* Data block
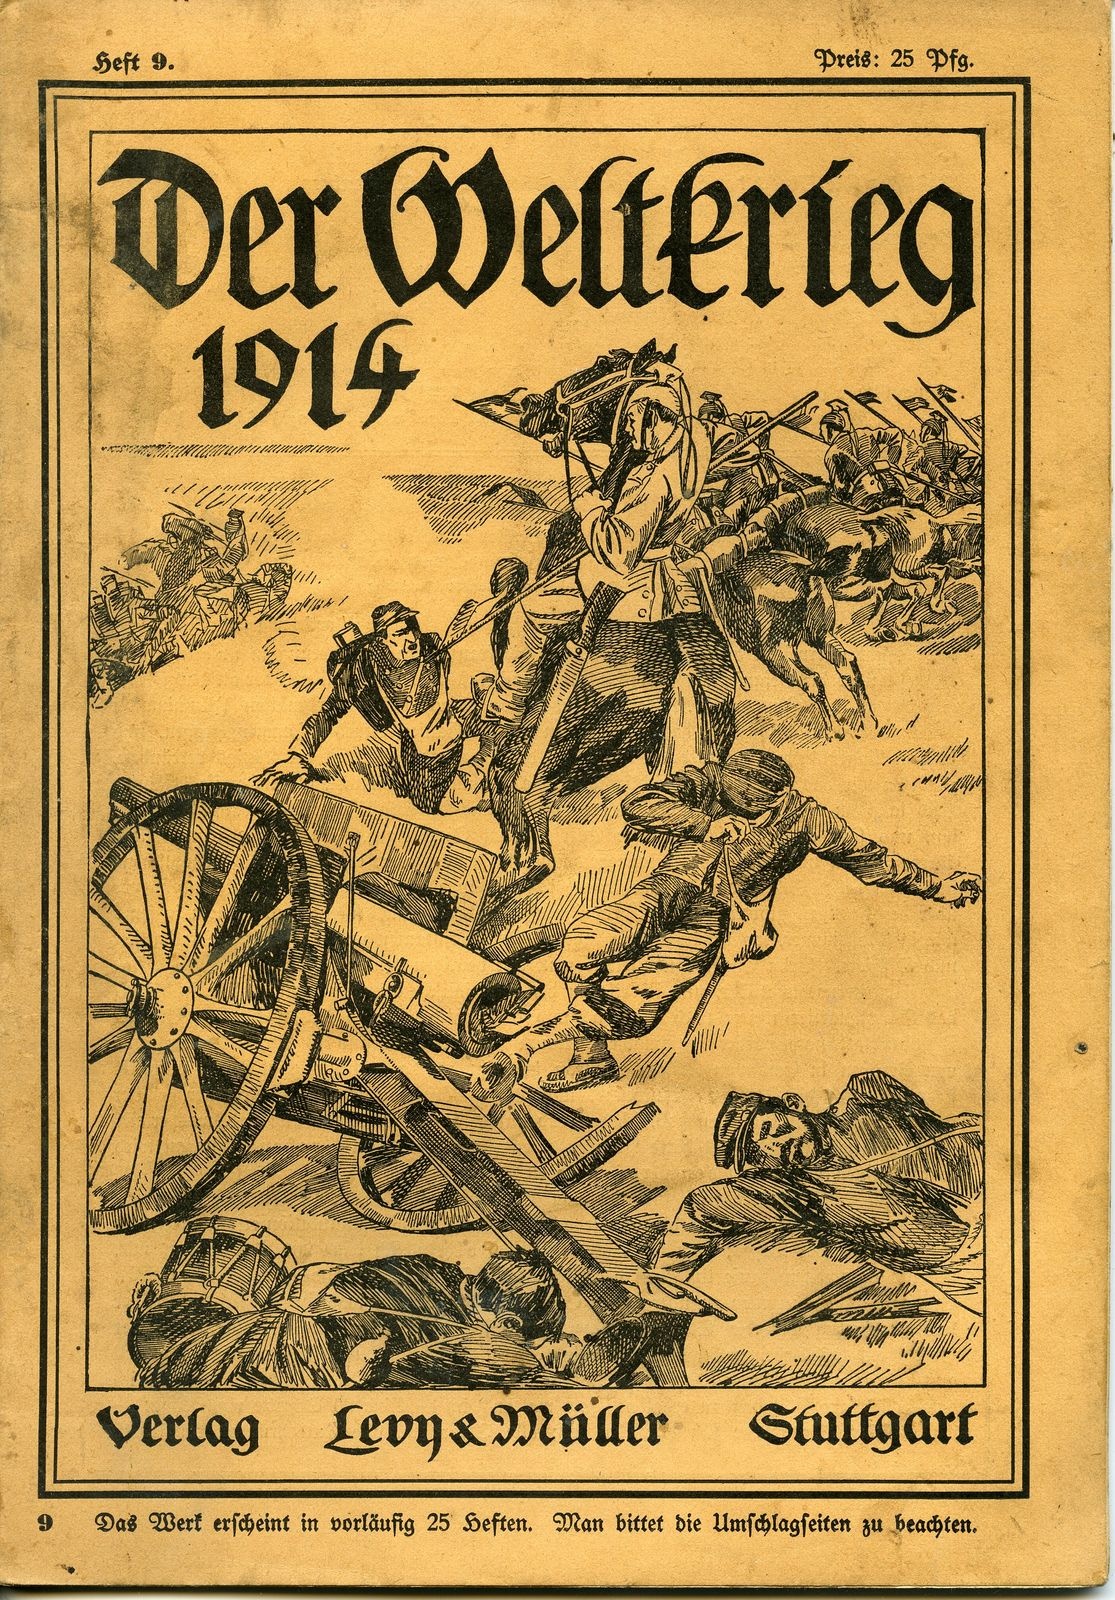 Zeitschrift "Der Weltkrieg 1914", Heft 9 (Historisches Museum der Pfalz, Speyer CC BY)
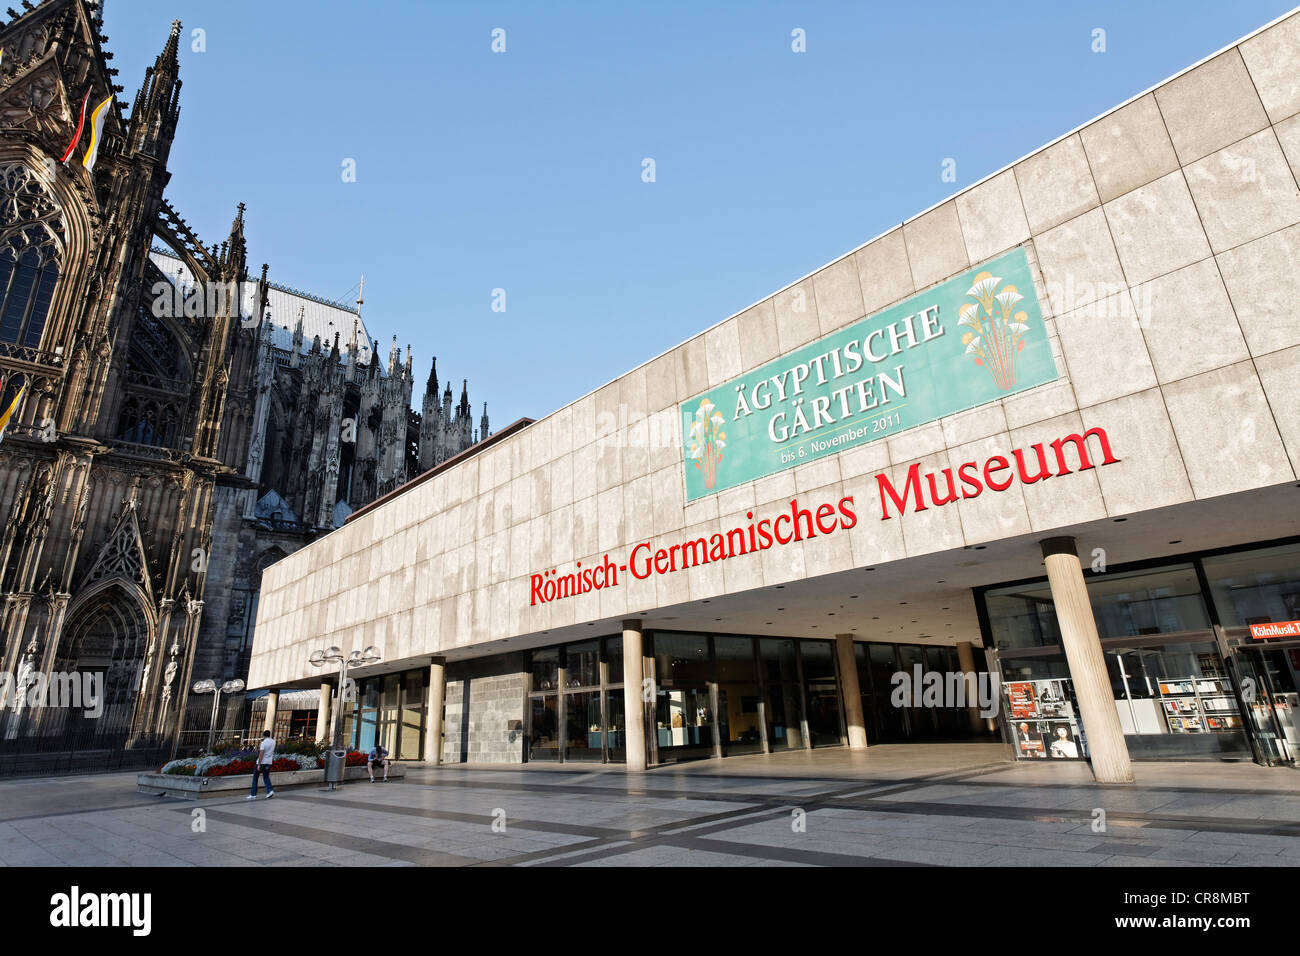 Roemisch Germanisches Museum oder römisch-germanischen Museums, Roncalli-Platz square, Köln, Nordrhein-Westfalen, Deutschland, Europa Stockfoto
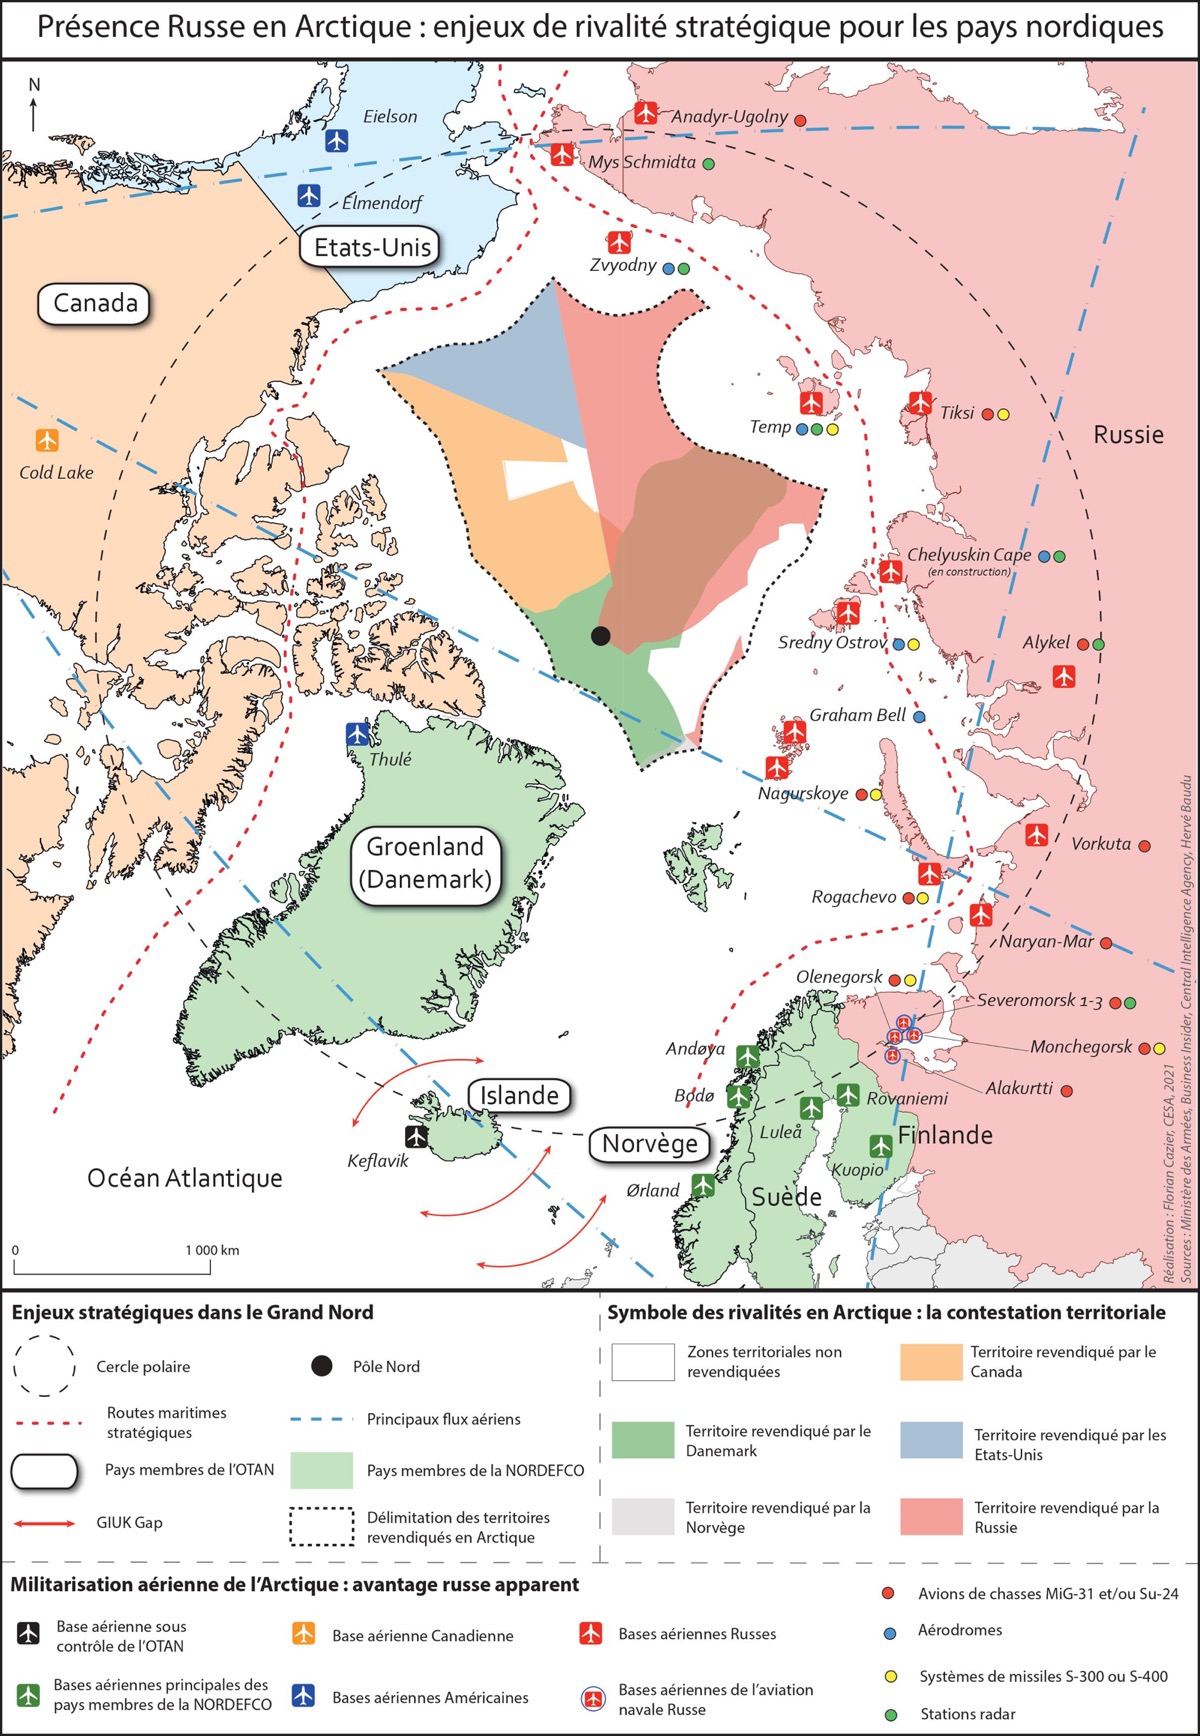 Puissance aérienne et pays nordiques : entre enjeux stratégiques en Arctique et tensions géopolitiques dans la région Baltique
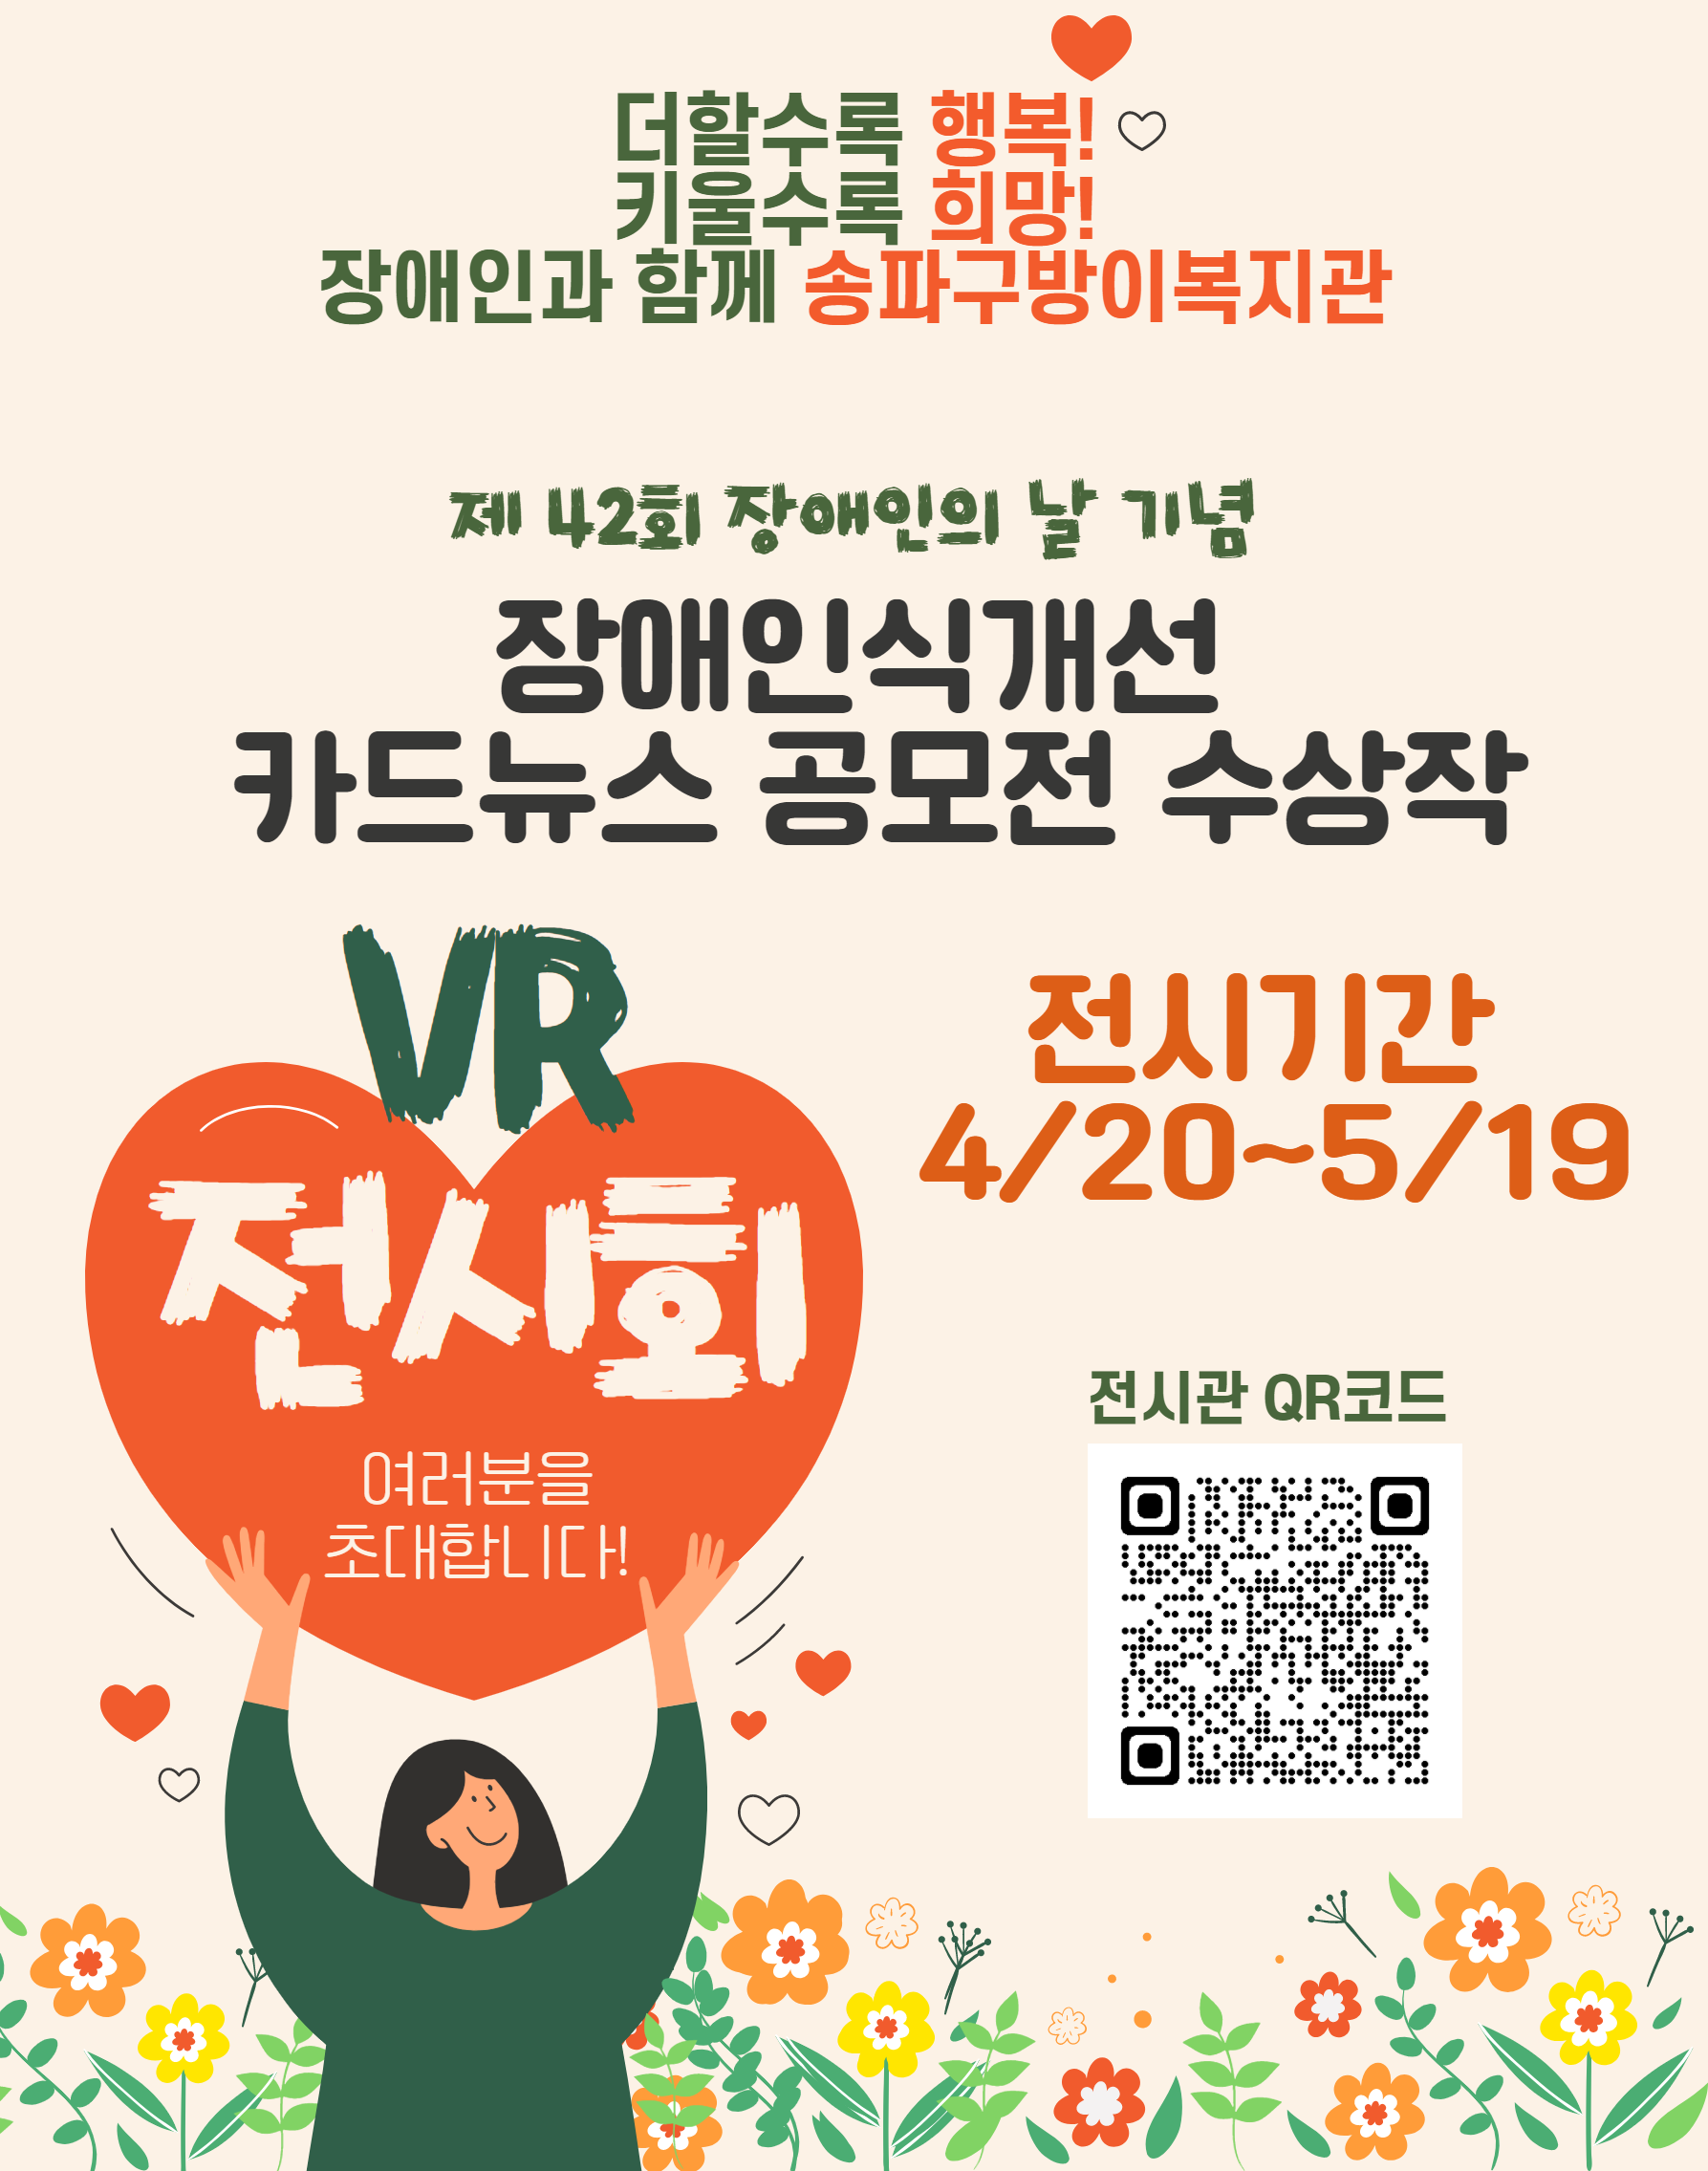 장애인식개선 카드뉴스 공모전 VR 전시회(소감)

* To do
Keep the pictures out, and write out the rest of the data above word for word.

* Answer
 Zeitschrift "Der Weltkrieg 1914", Heft 9 (Historisches Museum der Pfalz, Speyer CC BY)
 Roemisch Germanisches Museum oder römisch-germanischen Museums, Roncalli-Platz square, Köln, Nordrhein-Westfalen, Deutschland, Europa Stockfoto
 Puissance aérienne et pays nordiques : entre enjeux stratégiques en Arctique et tensions géopolitiques dans la région Baltique
 장애인식개선 카드뉴스 공모전 VR 전시회(소감)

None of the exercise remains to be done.